# Avoid playmods.co.uk



## Slyboogy (Feb 28, 2016)

I have bought a Gateway 3ds on January 18th and contacted the reseller to cancel my order. He told me to decline the package so it would go back to him (Cyprus, Europe) for free. After about 2 weeks I contacted him and asked for my refund and he told me, that he has not received the package yet...
He is not responding to any of my mails anymore and I have now contacted VISA to get my money back...
Dont believe their lies about a "7-Days-100%-Money-Back-Guarantee". This shop is a scam!

Edit: If I could login to Shoptemp I would leave a negative review, but somehow the login is not working...


----------



## uglydude (Mar 10, 2016)

Hello Slyboogy,

I was wondering if Playmods ever got back to you?

I'm was hoping to purchase something from there, but these isn't a Paypal option so a bit weary.
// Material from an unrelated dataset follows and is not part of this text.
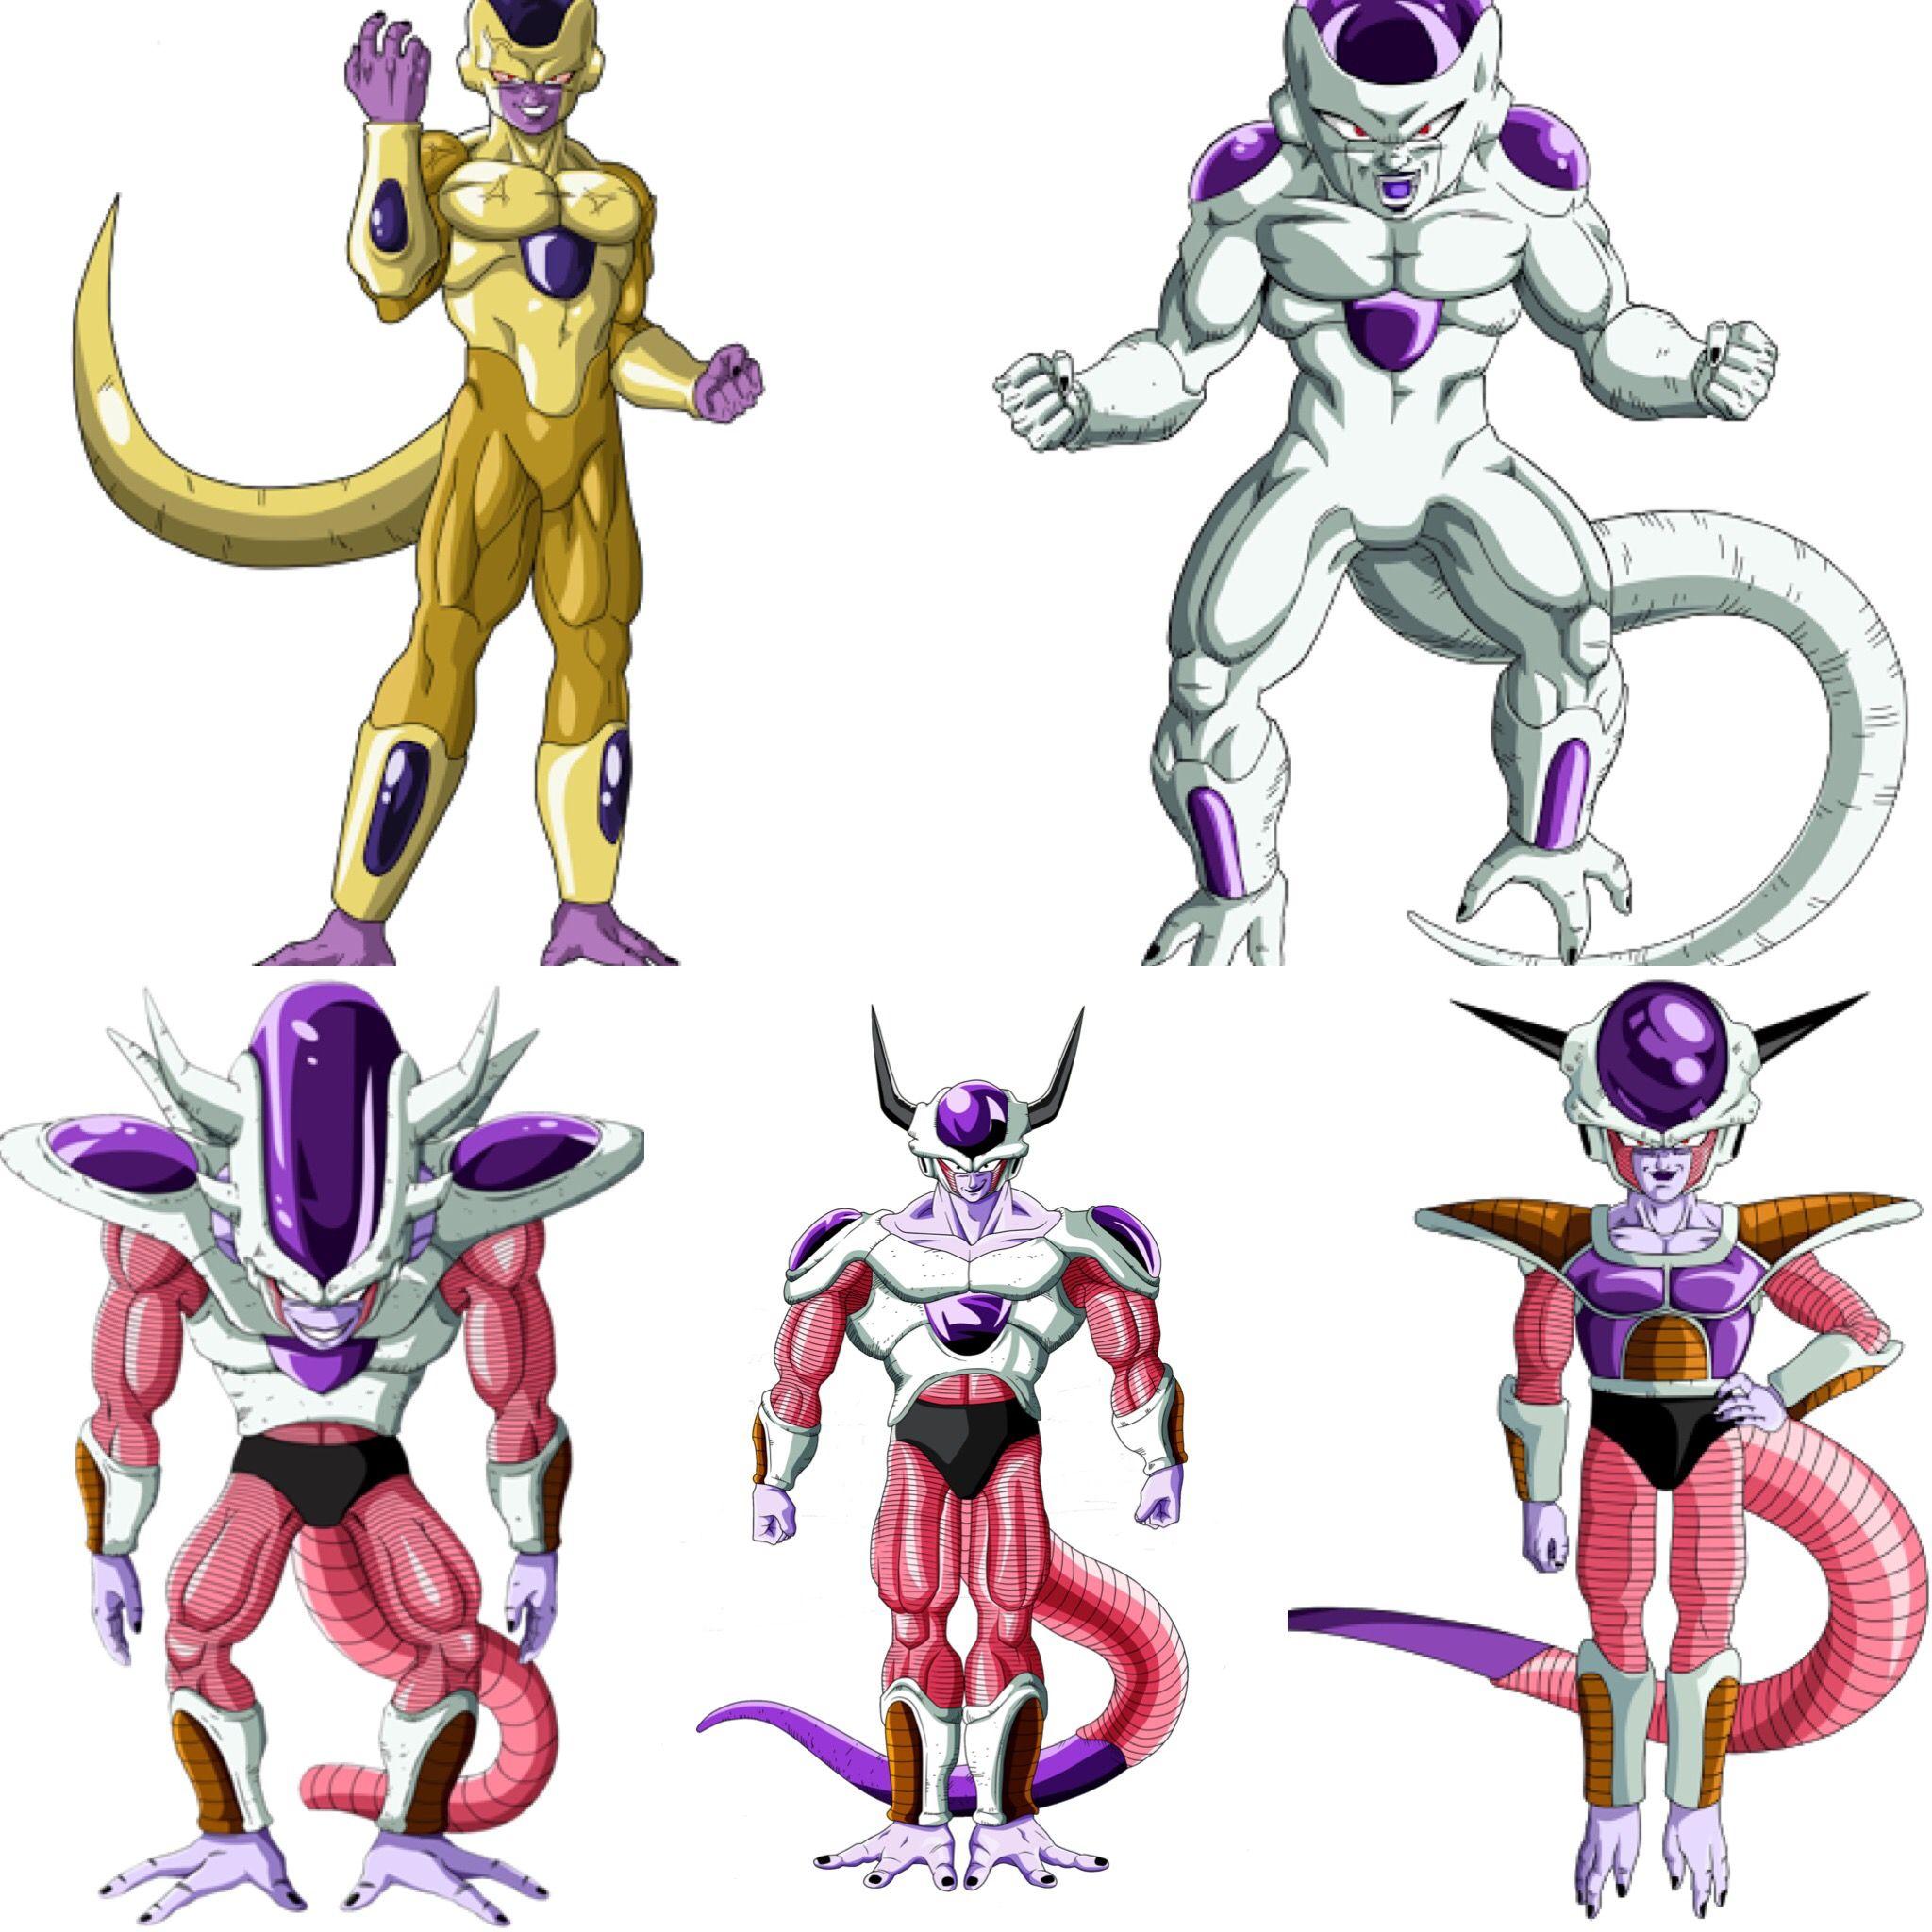 Frieza Forms Frieza Freeza Goldenfrieza Dbz Dbs Dragonballz Dragonballsuper Dragones Dragon Ball Dragon Ball Super

Does anyone else have any feedback on Playmods

Many thanks in advance for any advice and feedback


----------



## Slyboogy (Mar 12, 2016)

No they still havent... I can provide you the emails if you dont believe me, but so far I havent heard from them for almost a month... Got in touch with VISA now and hope to get the money back that way!


----------



## Mazamin (Mar 12, 2016)

I bought a gw card 1 year ago from that site, seems strange
Oh, and if you want, I can sell you my gw card, like new, just contact me in PM


----------



## DaBlackDeath (Mar 12, 2016)

I bought a gw card and a month later the N2Elite (Amiiqo) Set.
No trouble but shipping took about 10-12 days to germany.


----------



## Slyboogy (Mar 14, 2016)

The shipping itself was not the problem!
My issue is that I still havent received my refund of 60€ after 2 months!
Money back guarantee my a**


----------